Made me laugh, although lefties were in high dudgeon about the clip earlier this afternoon. “WOMEN WORK TOO, YOU KNOW.”
Trump: We’re getting your husbands back to work pic.twitter.com/MOHh0d1Vu7
— Acyn (@Acyn) October 27, 2020
In fairness, wanting to go back to the way things used to be has been the underlying theme of MAGA since the beginning. A simpler time, when all of those “housewives” who live in the suburbs didn’t need to worry about the wrong kind of people moving into the neighborhood:
https://twitter.com/realDonaldTrump/status/1293517514798960640
The good news about the clip is that he really did put a lot of husbands — and wives — back to work over his first three years in office and his best shot at reelection remains emphasizing that fact on the stump. Michigan’s unemployment rate dropped from a low 4.9 percent when he took office to a low-low 3.6 percent before COVID arrived. The total number out of work declined by 57,000 over the same period. With a record like that, it’s hard to believe he’s down nearly 10 points in state polls. But a bad attitude about the pandemic and a lot, lot, lot of indecorous behavior over four years will do that, apparently.
It may be a matter too of which kinds of jobs have been created and which haven’t. Trump’s appeal in the Rust Belt was due in part to his nationalist promises to repatriate jobs, particularly manufacturing jobs. According to one recent analysis, though, Michigan saw a 211 percent increase in jobs being offshored between 2017 and 2019 relative to the prior three years. Yesterday WaPo looked back at one of Trump’s most famous moments as president — actually, president-elect at the time — when he swooped in and convinced management at Carrier in Indiana not to follow through on a plan to move their plant to Mexico. That was a huge PR victory for him during the transition period, with Trump telling Carrier employees, “Companies are not going to leave the United States anymore without consequences. It’s not going to happen. We’re not going to have it anymore.”
But:
This year alone, Indiana employers have sent more jobs to Mexico, China, India and other foreign countries than were saved at Carrier. Without headlines or presidential notice, at least 17 companies — names like Vibracoustic, Molnlycke Health Care, Allura, Altex, Stanley Black & Decker, Dometic, Johnson Controls and Horizon Terra — have closed plants or otherwise reduced employment in Indiana and moved jobs abroad, according to U.S. Department of Labor filings…
Indeed, the domestic manufacturing renaissance that the president promised has withered. After rising by 4 percent during his first two years on the job, manufacturing employment began sliding late last year even before the pandemic put the economy in a deep freeze. Today, the United States has fewer factory workers than when Trump was inaugurated and about as many as in 1941. Indiana manufacturing employment stands at a six-year low.
There are other holes in the protectionist pitch. In August the U.S. trade deficit reached a 14-year high. And last year an NBC poll found support for free trade climbing to more than 70 percent among independents and Democrats, with even Republicans shifting back to narrow majority support.

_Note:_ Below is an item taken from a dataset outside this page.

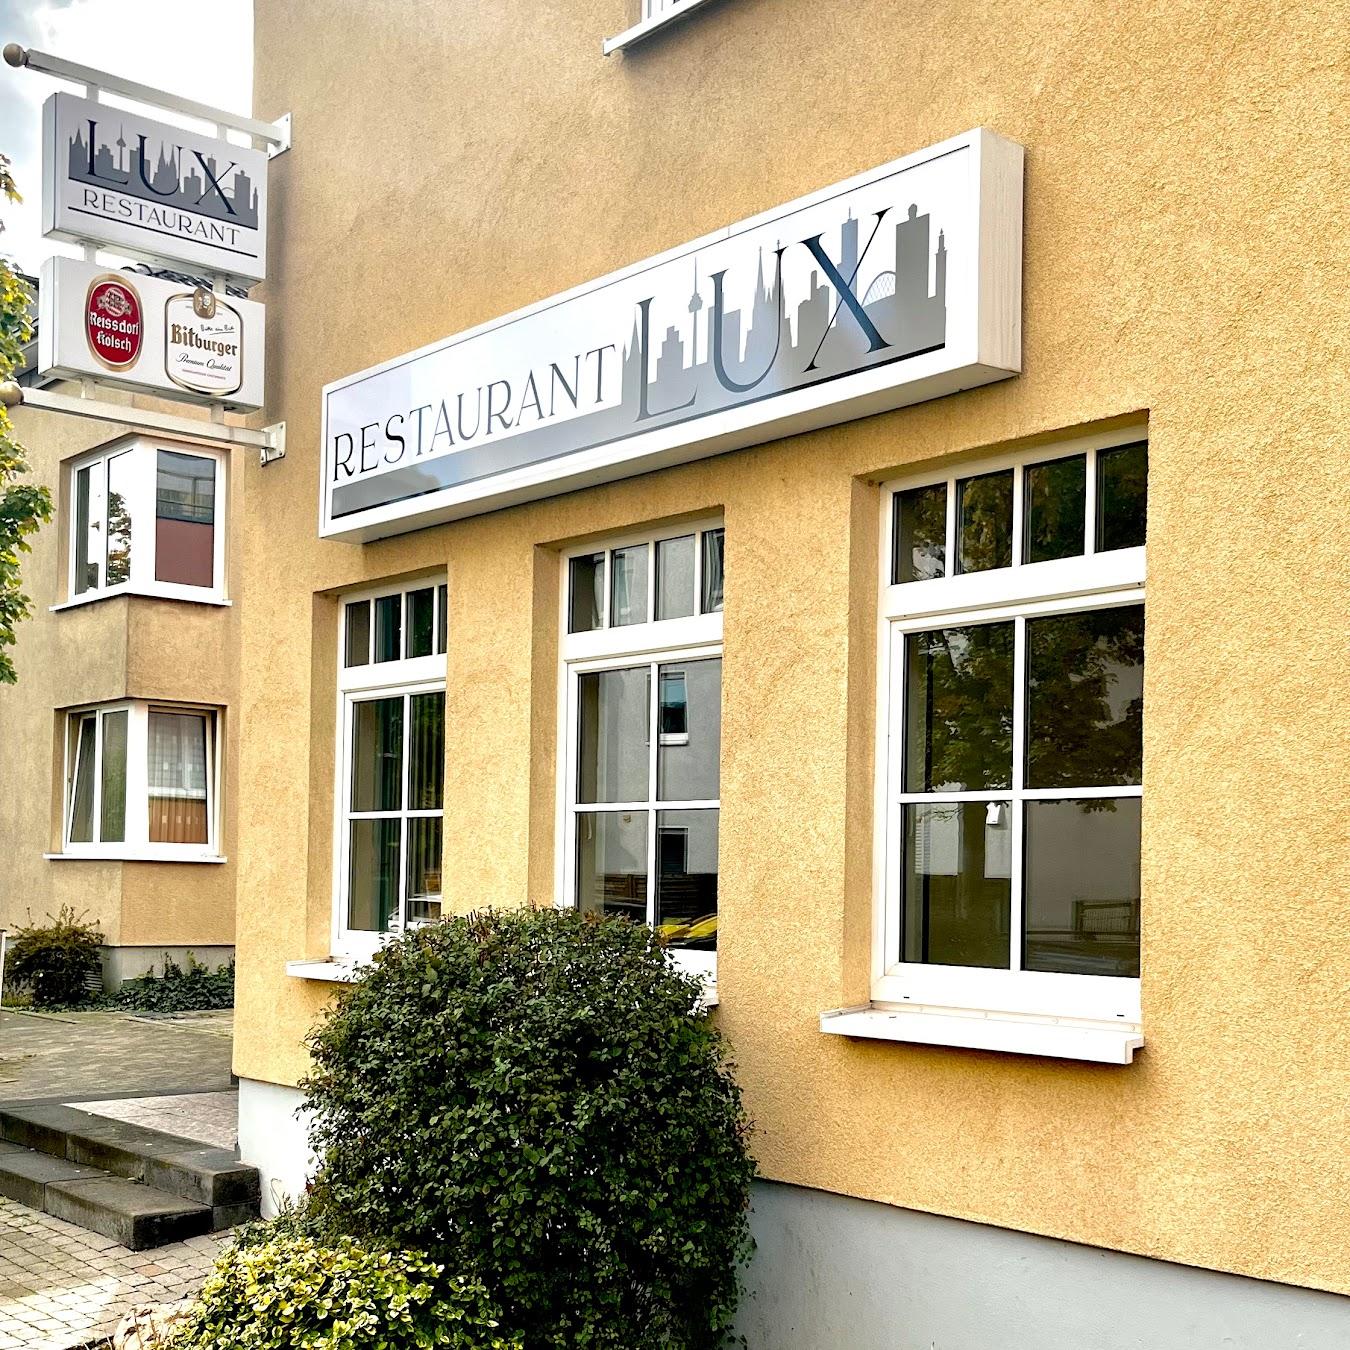 Restaurant "RestaurantLUX" in Niederkassel
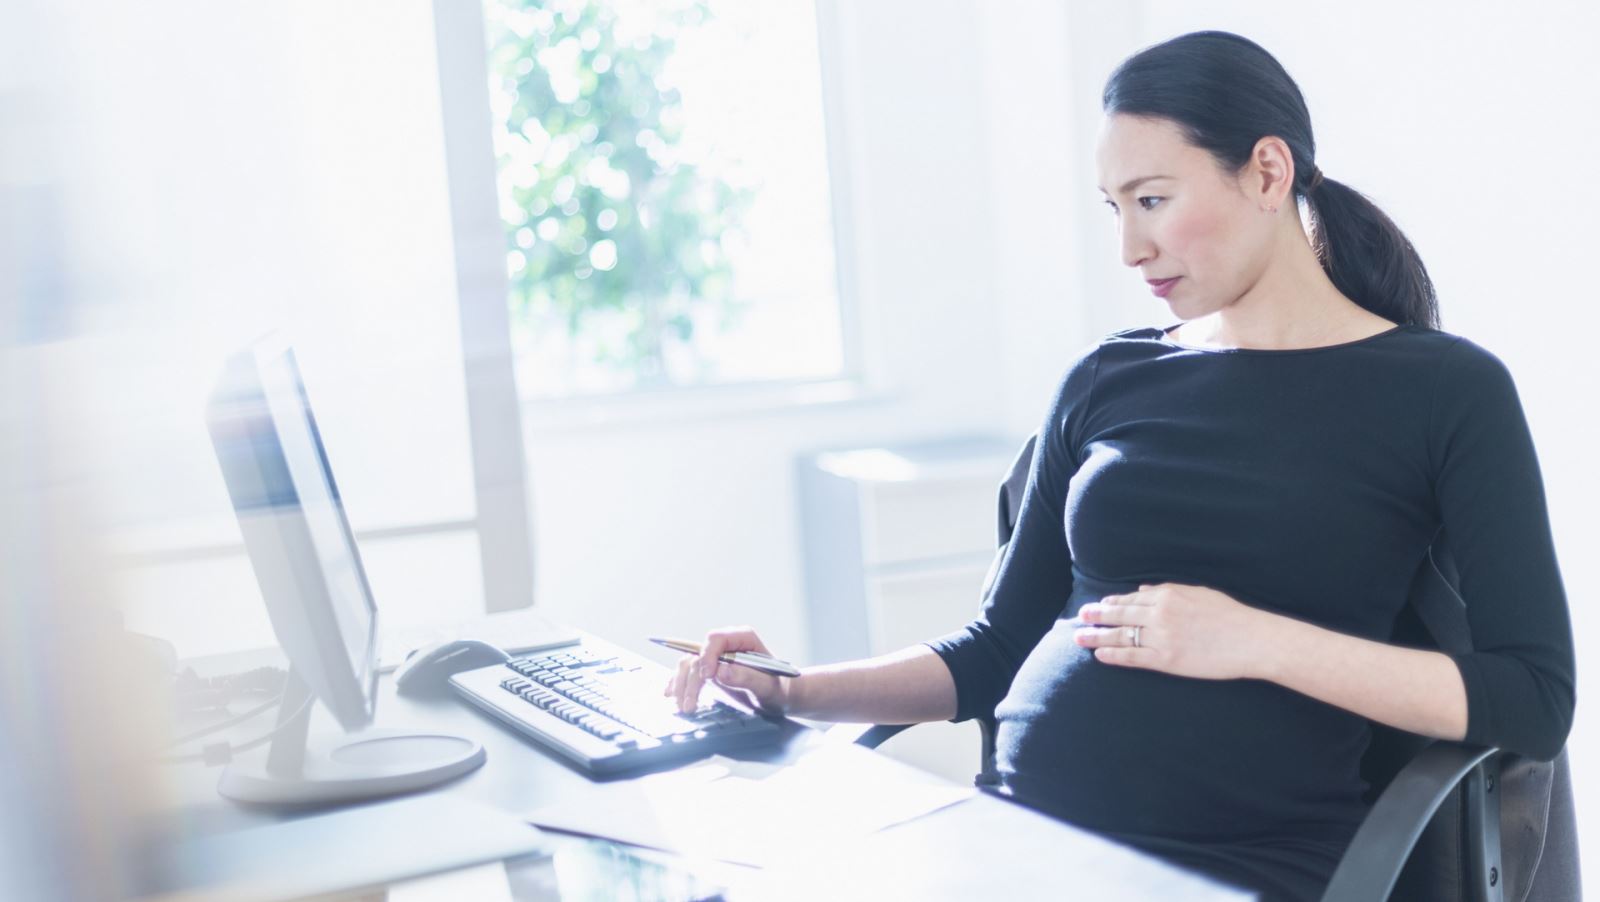 Female employees fear pregnancy prejudice

How much of that is due to Trump’s personal unpopularity infecting the popularity of his policy positions and how much of it is a reaction on the merits to whether his trade war has worked or not, who knows. But it may be spilling over into the Rust Belt polling.

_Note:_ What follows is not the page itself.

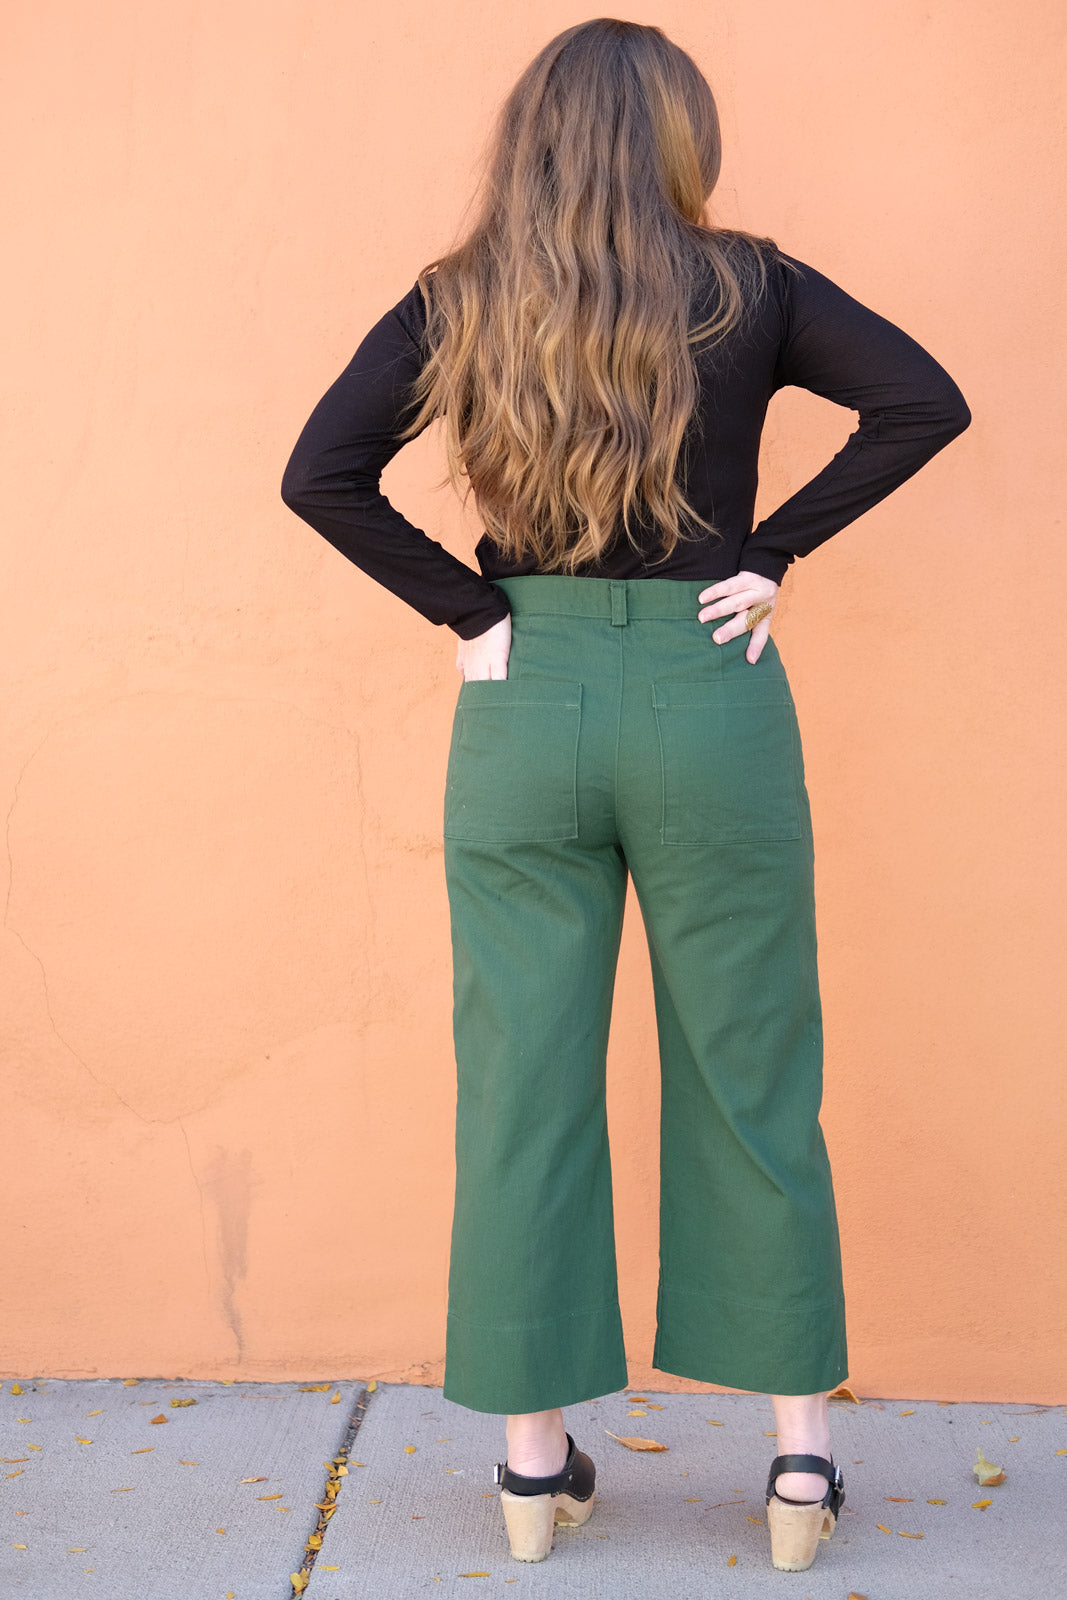 Kelli Ward's Lander Pants

Back to the clip up top, though. Trump can and will be forgiven by most voters for the insinuation that men work while women stay at home — he’s 74, and the olds get extra slack on stuff like that — but I’m surprised this soundbite from a few days ago didn’t get more media attention. This felt less like a case of a senior citizen idly lapsing into an antiquated view of women and more like a case of Trump deliberately implying that having a woman as president would be a special liability for the country.

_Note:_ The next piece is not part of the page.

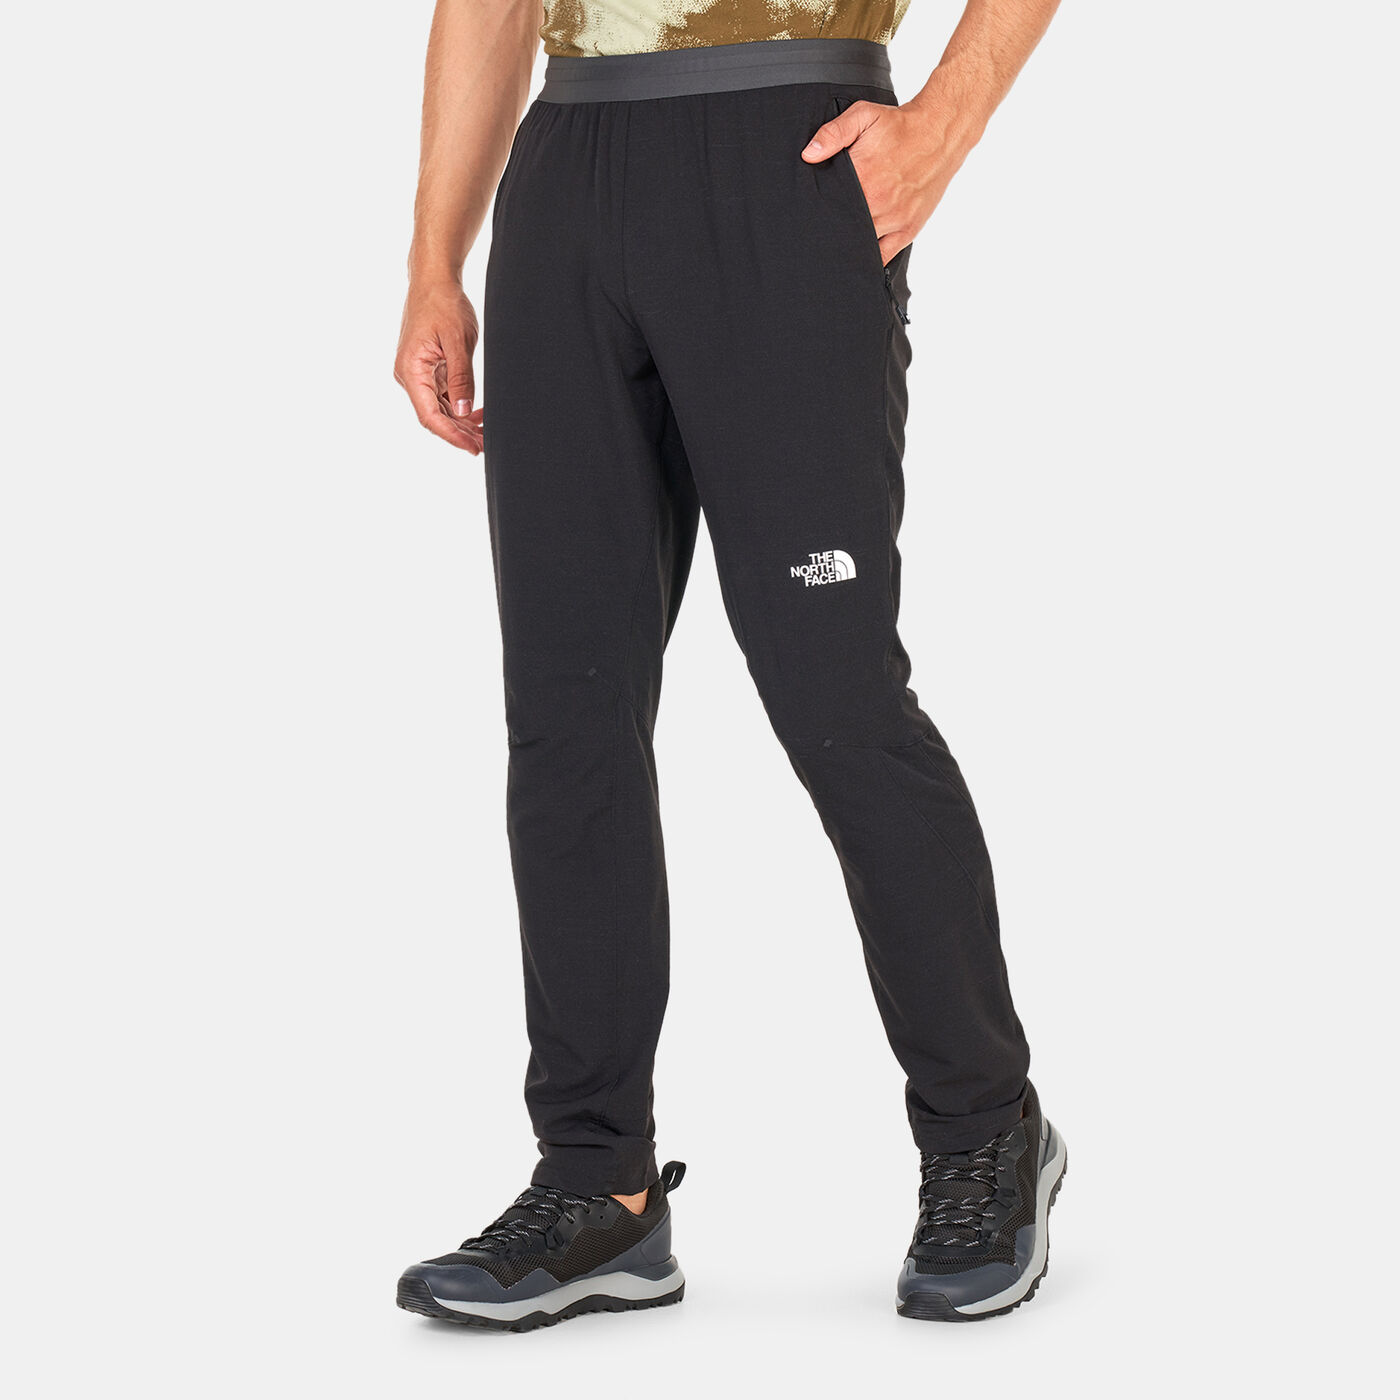 Men's Athletic Outdoor Woven Pants

Attacking Sen. Kamala Harris, Trump intentionally mispronounces her name and says she “will not be your first female president … we’re not going to have a socialist president, especially a female socialist president.” Harris is not a socialist. pic.twitter.com/T5H47FryTP
— The American Independent (@AmerIndependent) October 23, 2020
“Especially a female”? What’s he getting at there? What makes Bernie Sanders preferable to Bernadette Sanders?
The fact that the press largely glossed over that one even though he said it in the final days of a campaign which the media is desperate to see Biden win is among the best proof yet that they’re just exhausted from chasing after Trump’s daily cringy statements after four years. There are only so many hours in the day they can spend at the keyboard. Some stuff has to go by the boards.